Top of Given records

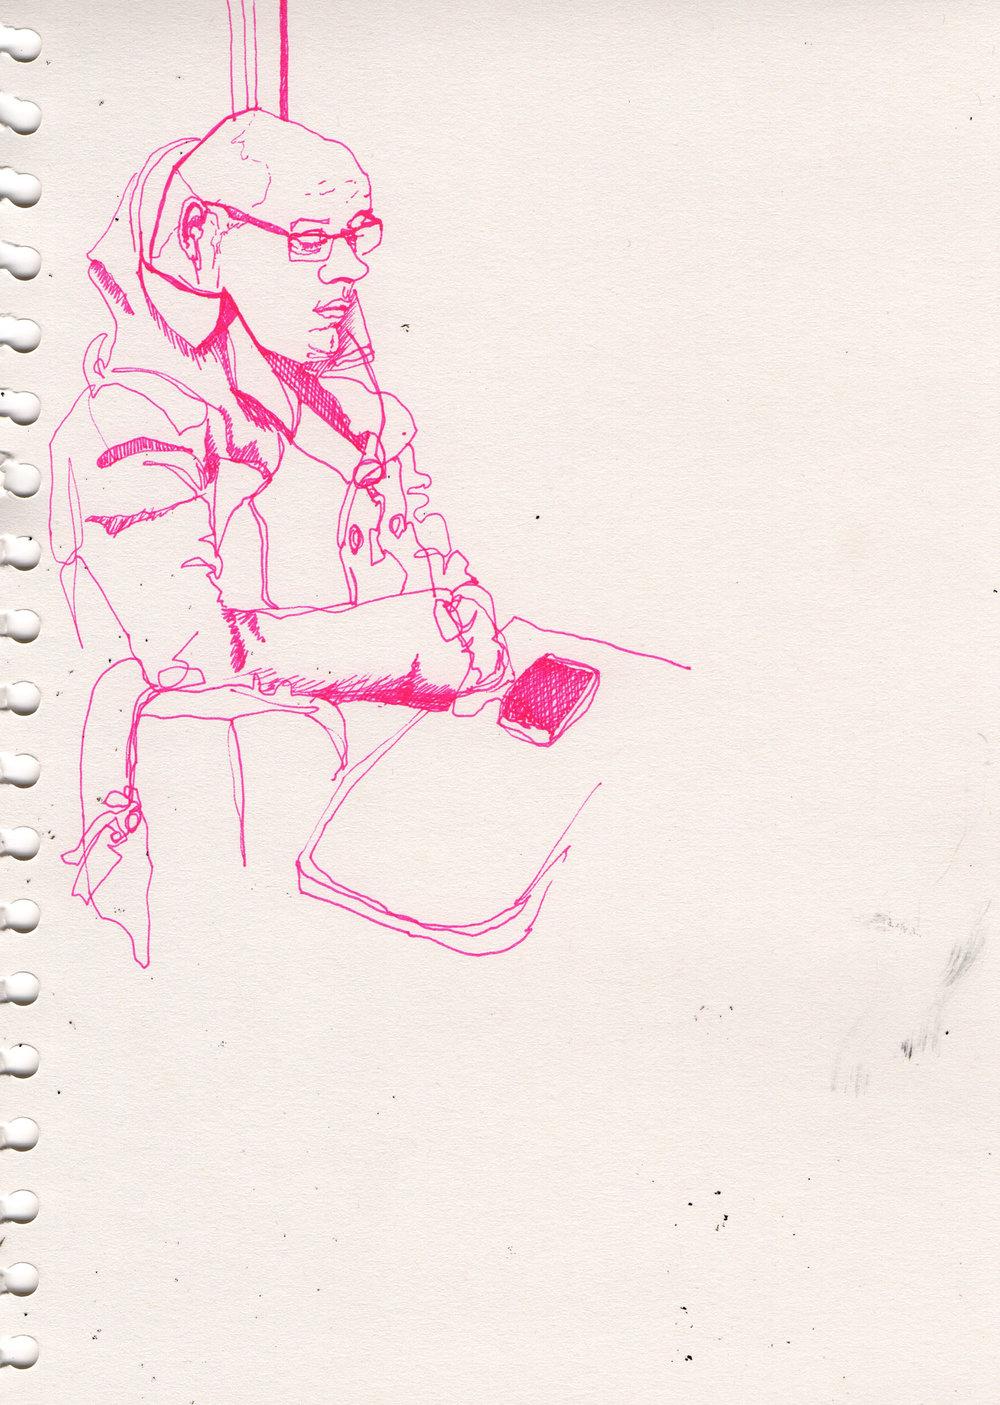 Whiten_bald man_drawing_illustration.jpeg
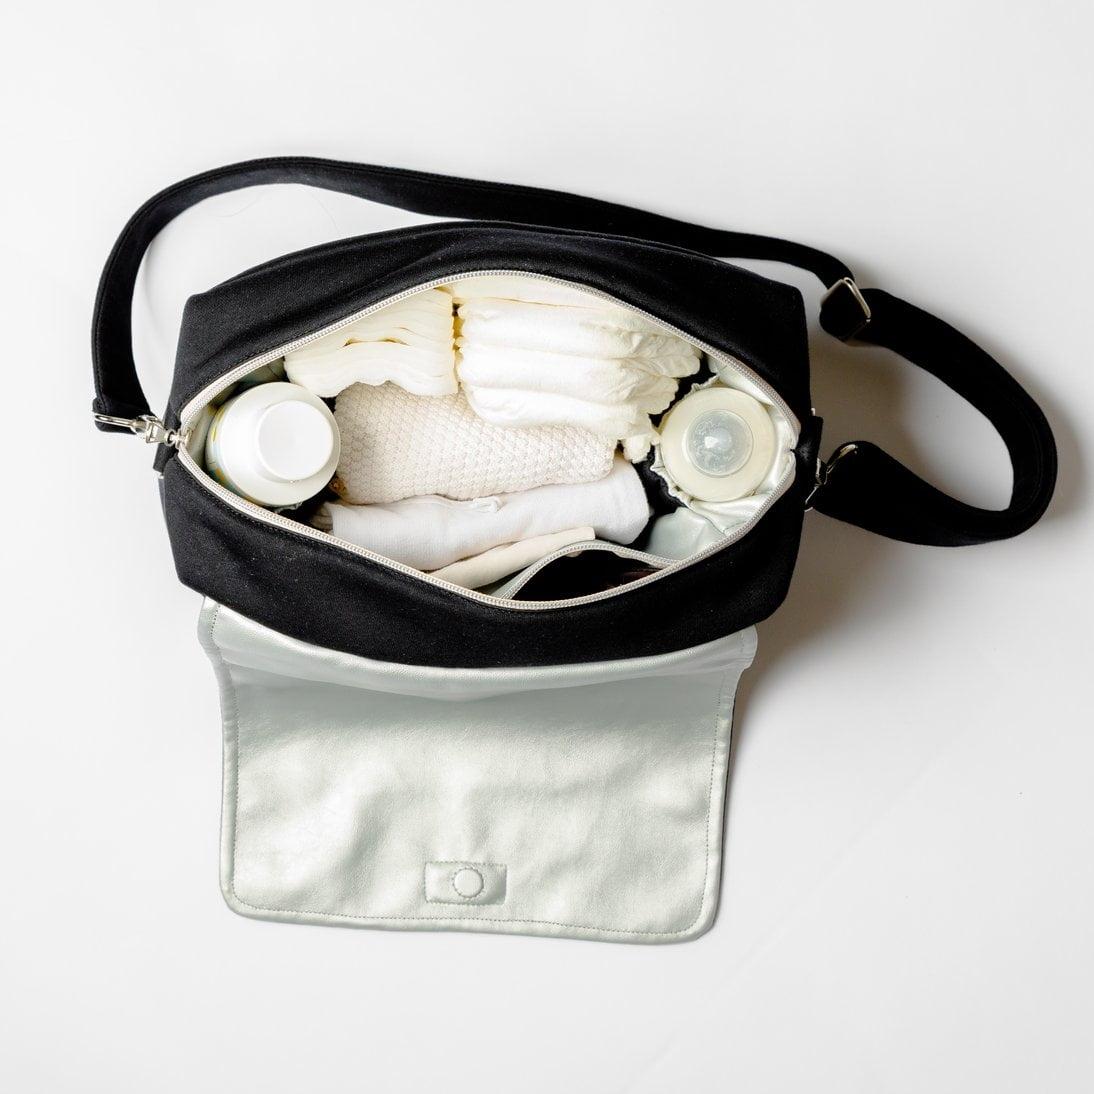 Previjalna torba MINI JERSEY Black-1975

Bottom of Given records
Top of Given records

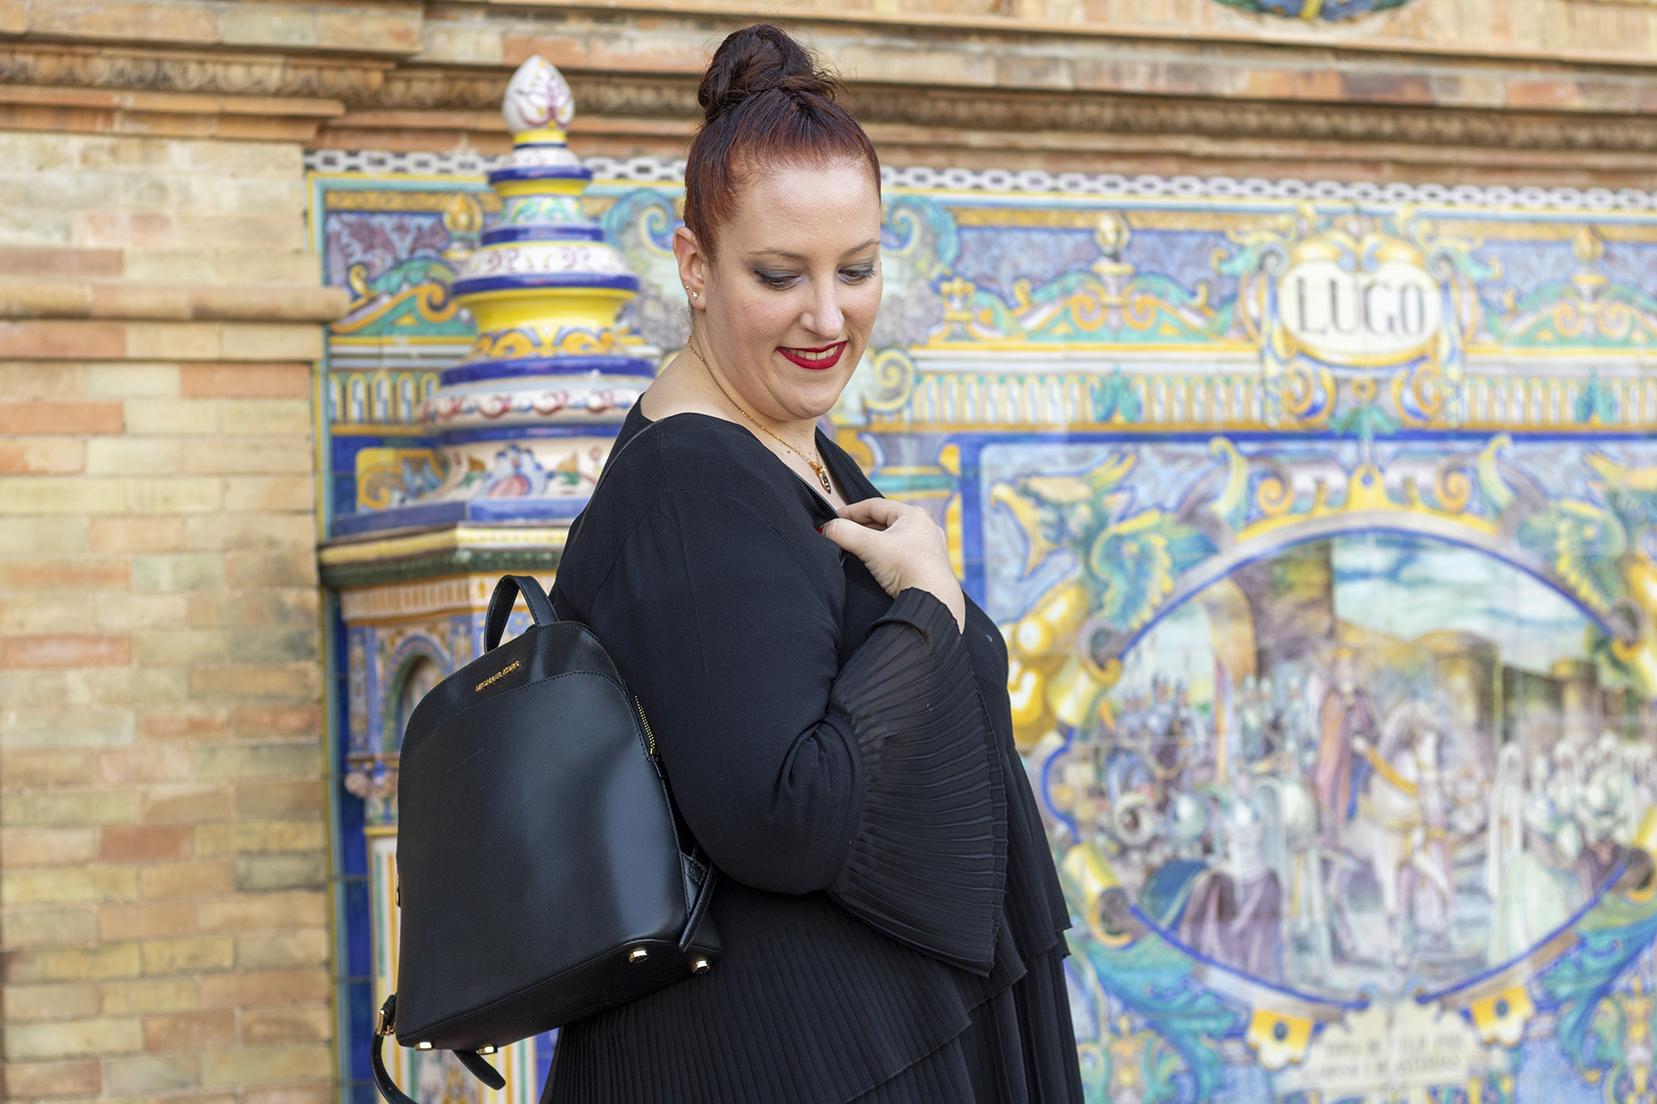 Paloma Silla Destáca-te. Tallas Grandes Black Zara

Bottom of Given records

Work request
Among the entries above, take the line with "Whiten_bald man_drawing_illustration.jpeg", the line with "Previjalna torba MINI JERSEY Black-1975", and all the lines between them, and restate them word for word without pictures.

Expected answer
 Whiten_bald man_drawing_illustration.jpeg
 Previjalna torba MINI JERSEY Black-1975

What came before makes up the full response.